Task to carry out: After locating the line with "Fiets waarbij wordt" in the entries below, output it and each following line up to and including the line with "Tableau références H7EC", exactly and without pictures.

Material for this exercise:
*** Block opens ***
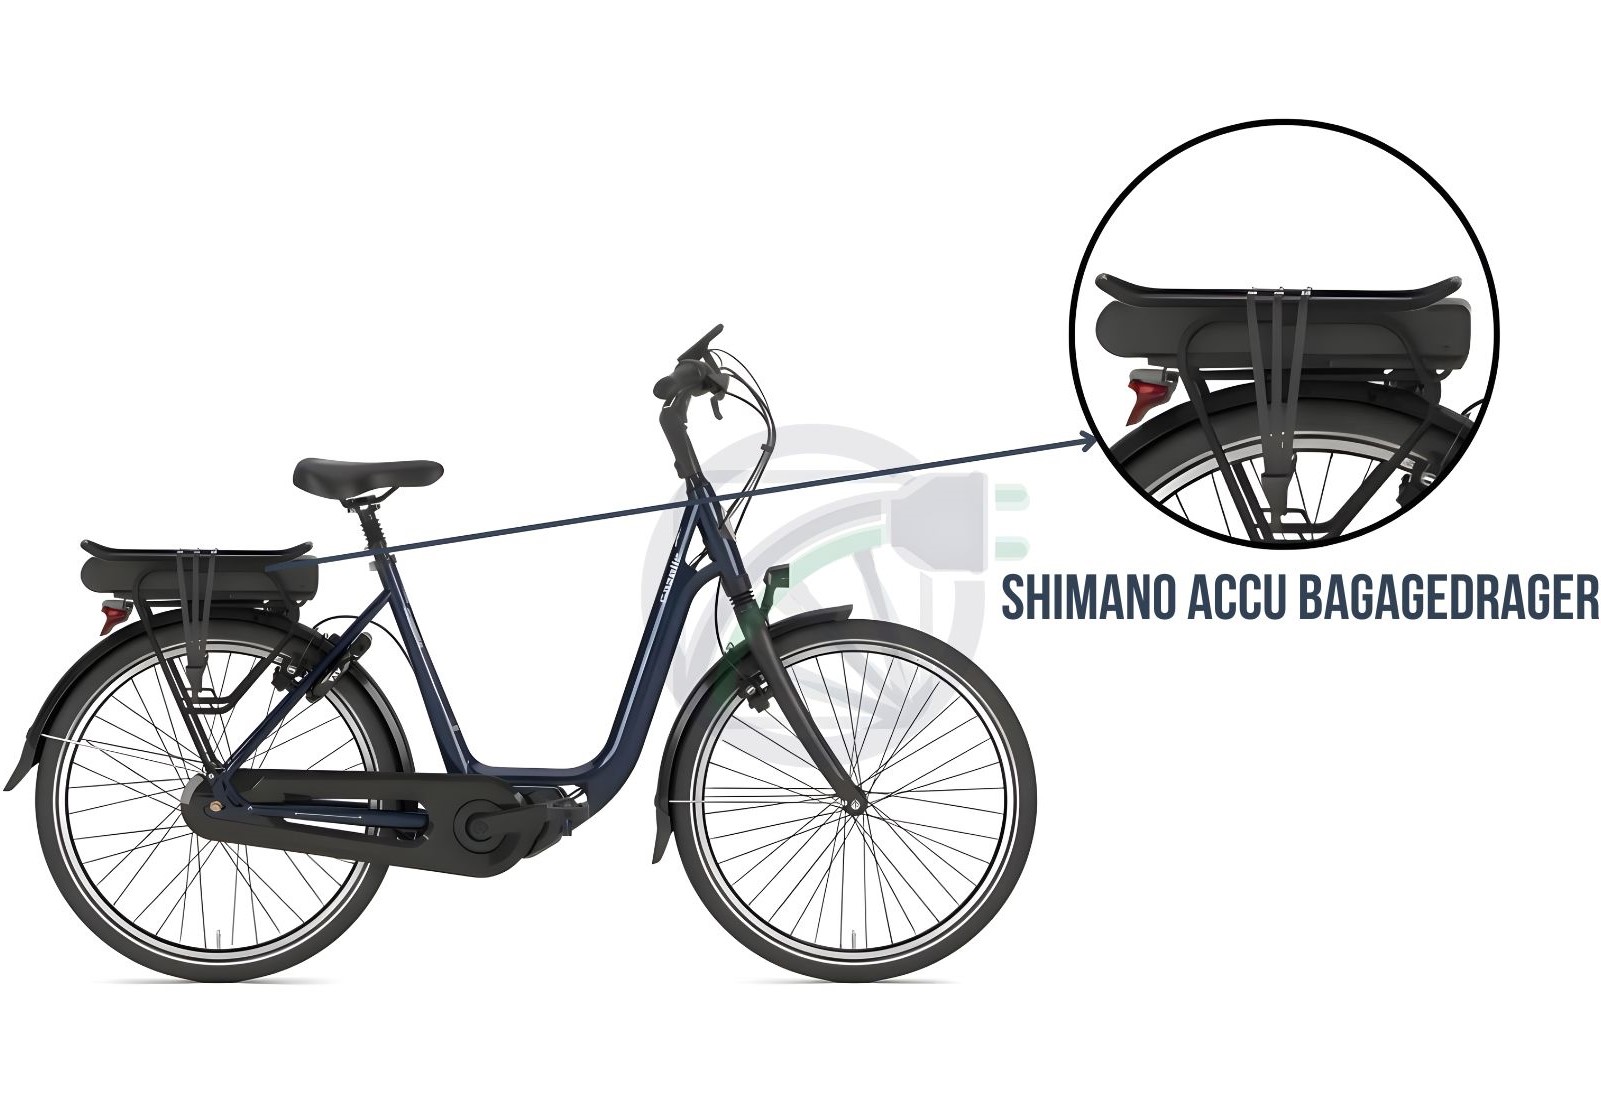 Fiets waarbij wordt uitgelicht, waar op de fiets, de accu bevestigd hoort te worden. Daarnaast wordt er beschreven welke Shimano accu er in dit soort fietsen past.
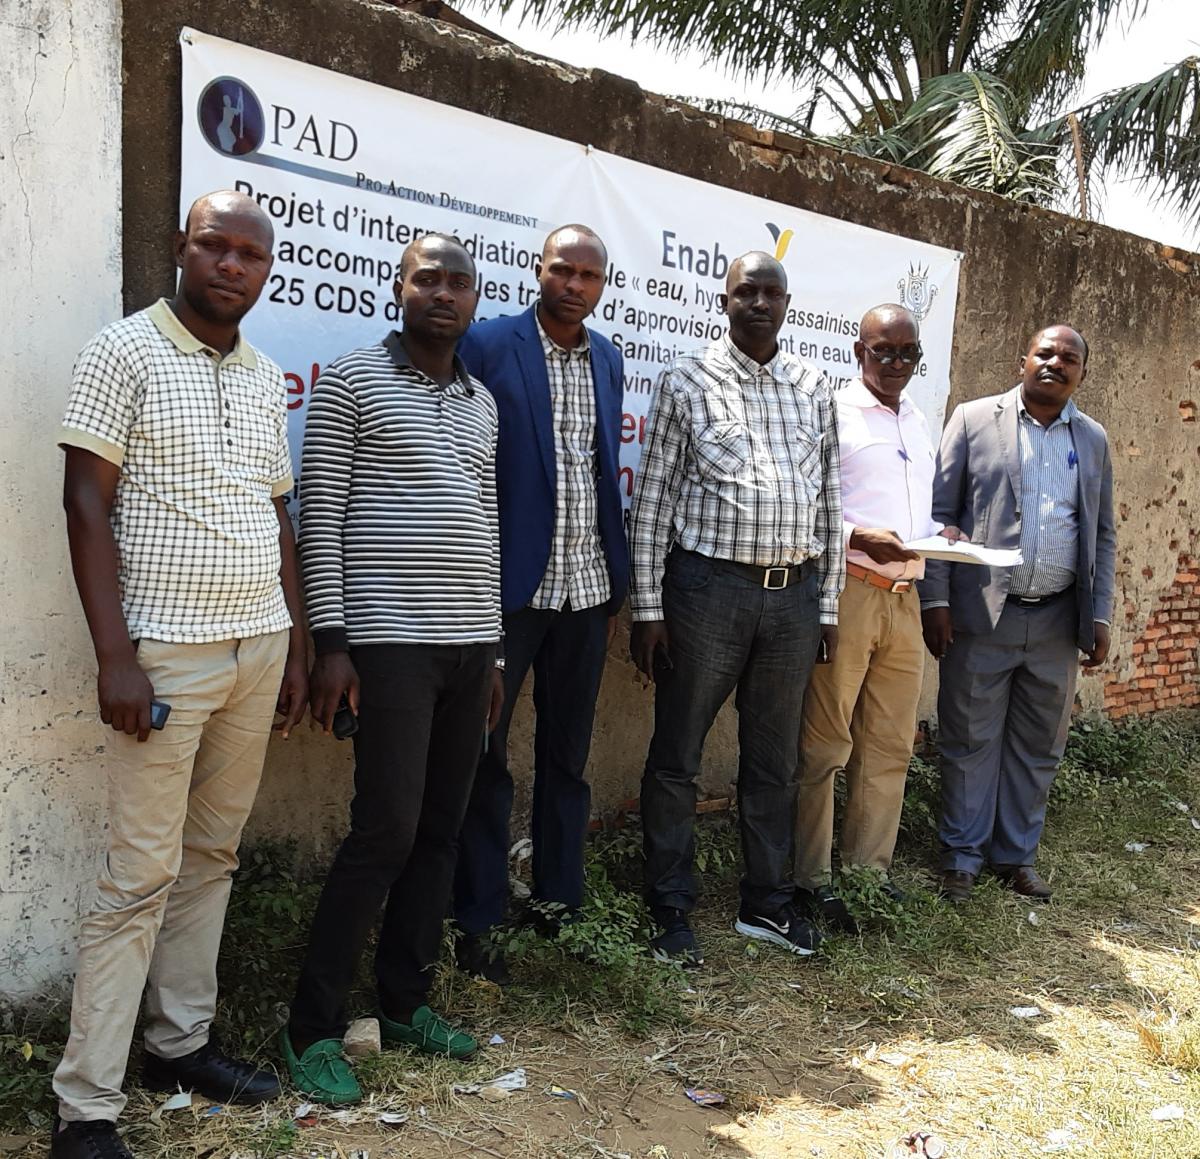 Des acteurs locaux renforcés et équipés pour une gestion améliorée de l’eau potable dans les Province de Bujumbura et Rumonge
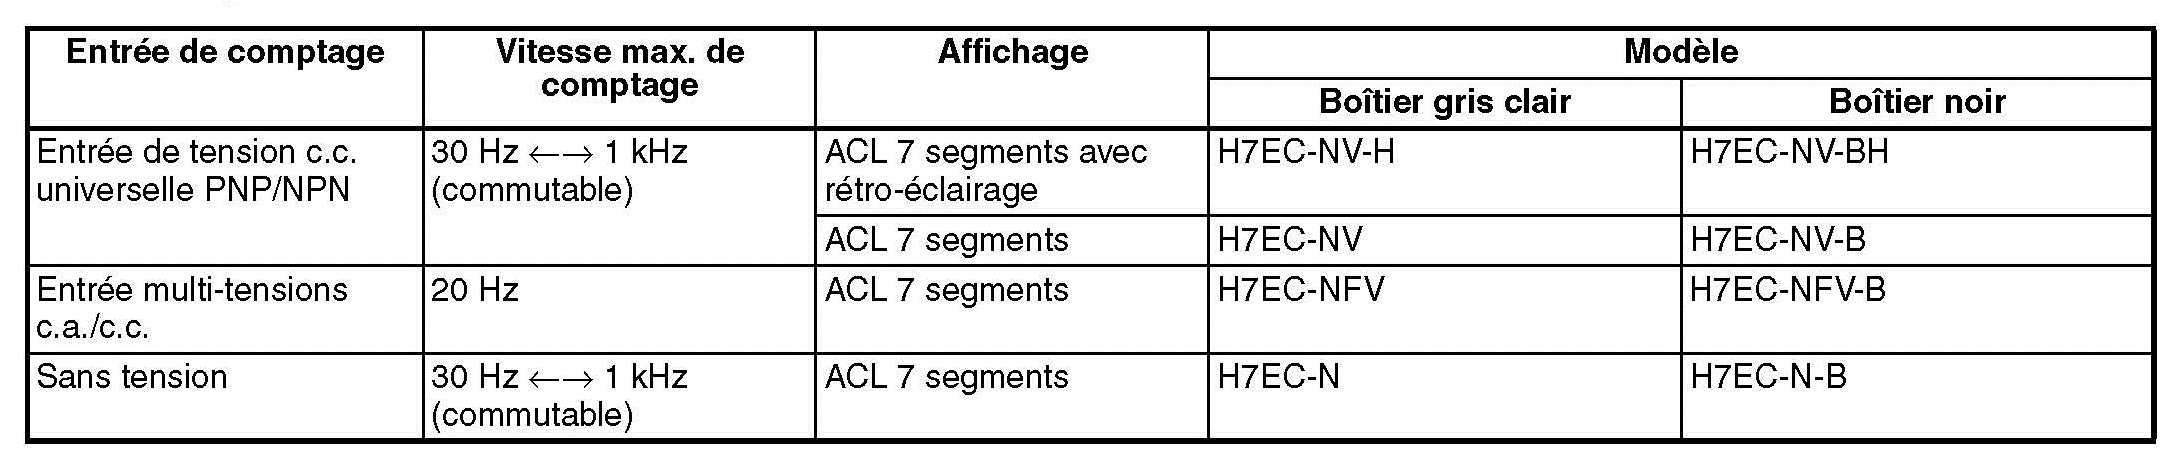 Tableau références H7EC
*** Block closes ***
*** Block opens ***
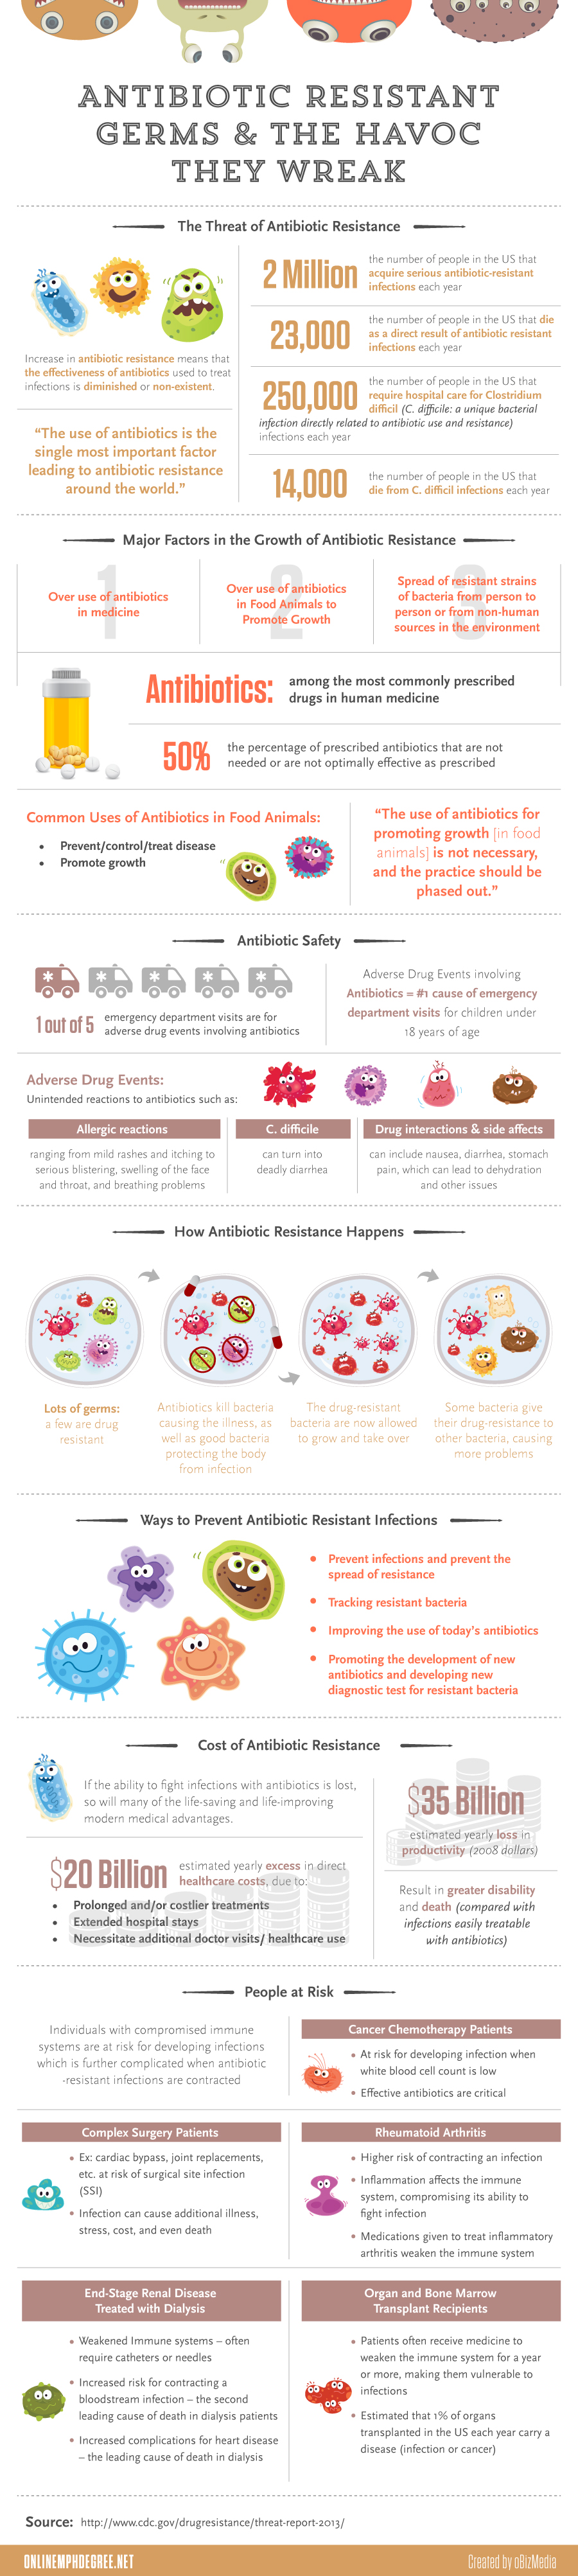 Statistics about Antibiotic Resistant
*** Block closes ***
Exercise solution:
 Fiets waarbij wordt uitgelicht, waar op de fiets, de accu bevestigd hoort te worden. Daarnaast wordt er beschreven welke Shimano accu er in dit soort fietsen past.
 Des acteurs locaux renforcés et équipés pour une gestion améliorée de l’eau potable dans les Province de Bujumbura et Rumonge
 Tableau références H7EC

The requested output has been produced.